Cytogenetics is a section of genetics that studies the visible carriers of genetic information: mitotic, meiotic and polytene chromosomes, interphase nuclei, to a lesser degree - the mitochondria and chloroplasts. Therefore, cytogenetic methods are, first of all, the methods of chromosomes studying – their number counting, structure and behavior during cell division description, and the relationship between the change in chromosome structure to the features variability.

Human chromosomes can be studied in peripheral blood lymphocytes, bone marrow cells, tumors and others. Abnormal chromosome set or structure indicates the presence of certain diseases, such as trisomy for the twenty-first chromosome is evidence of Down syndrome.

Cytogenetic methods are based on the cytologic analysis of genetic structures, comparing genetic phenomena with the structure and behavior of chromosomes and their parts (analysis of chromosomal and genomic mutations, building of chromosome cytological maps, cytochemical study of gene activity, and so on).

For chromosomes and other carriers of genetic information structure study light and electron microscopy are used.

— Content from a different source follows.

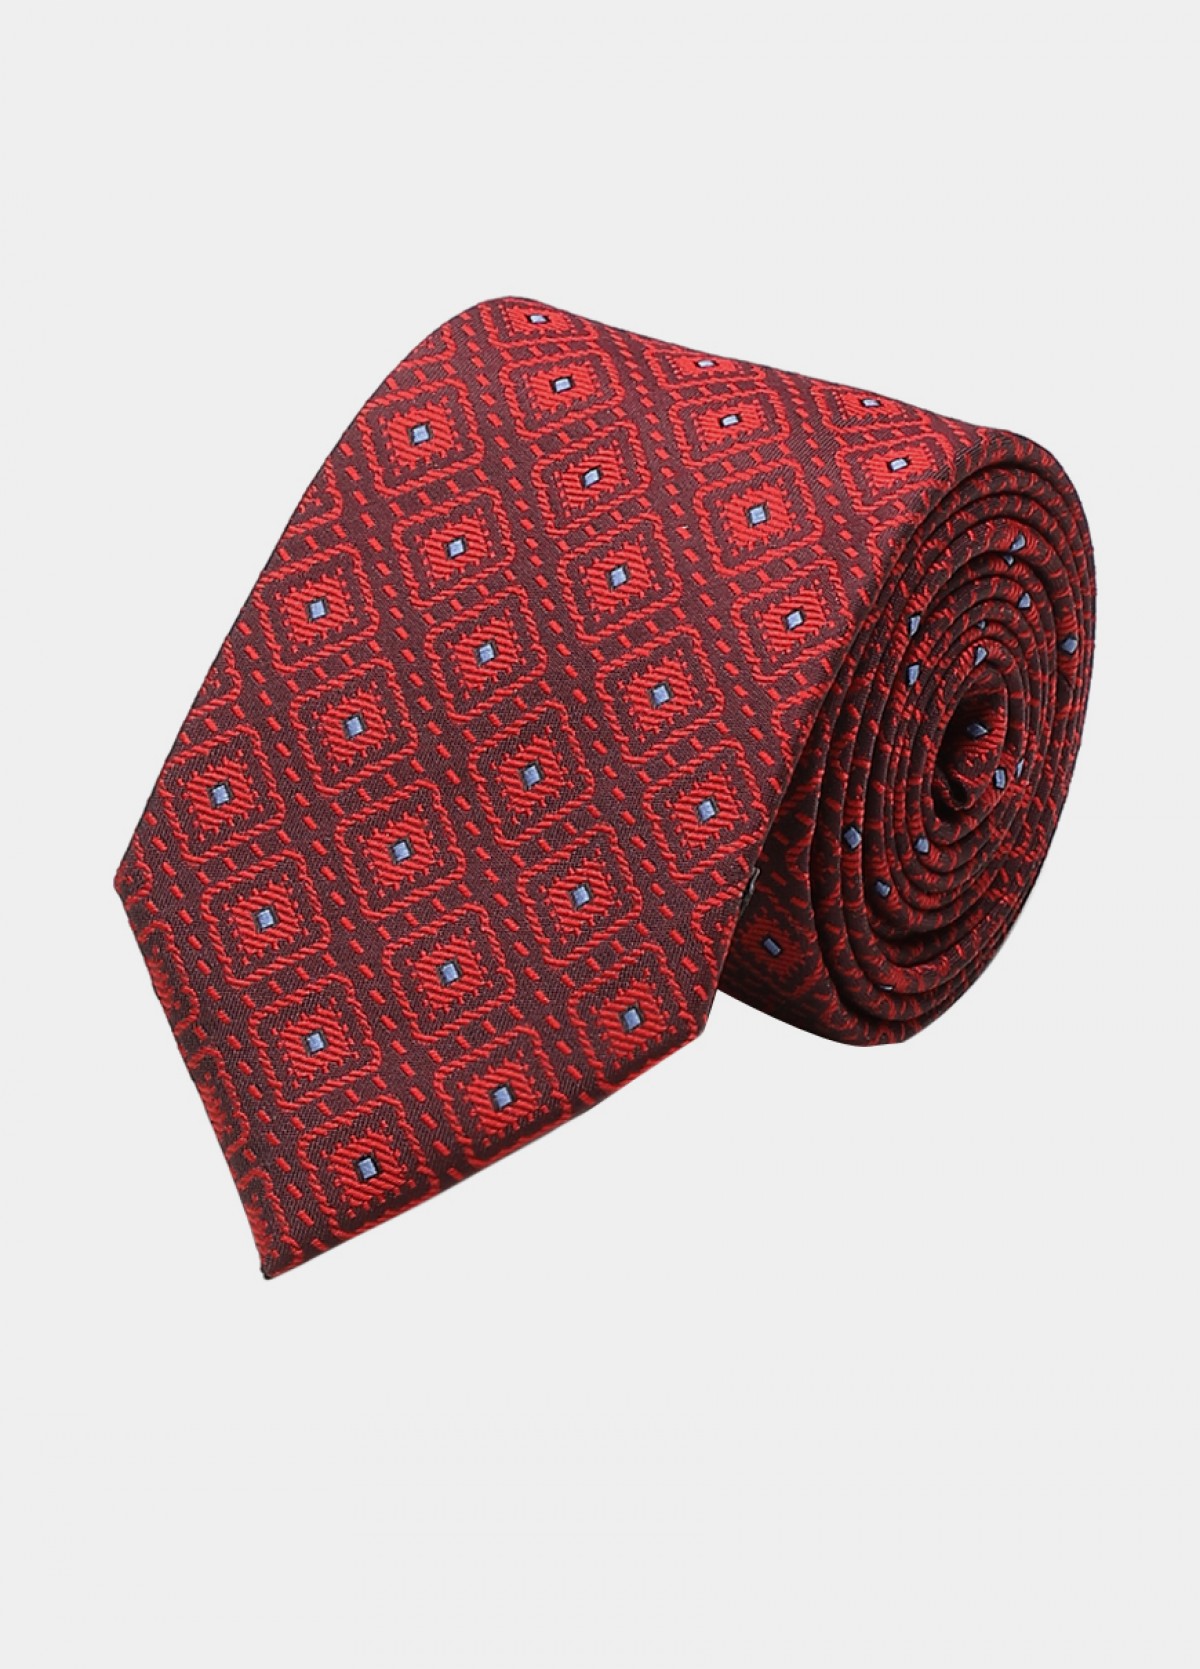 The Red Woven Tie

Molecular cytogenetic method

The method of molecular fluorescence in situ hybridization (FISH) is based on the ability of chromosomal DNA to form stable hybrid molecules with known by nucleotide composition nucleic acids fragments (probes) directly on the preparations of fixed cells, chromosomes and interphase nuclei. Result of hybridization is detected due to fluorescent labels.

This method allows proceeding from the study of chromosomes morphology to the DNA sequences analysis.

The main scope of fluorescence in situ hybridization (FISH): clinical cytogenetics, prenatal and pre-implantation diagnostics, oncology, oncogenetics, hematology.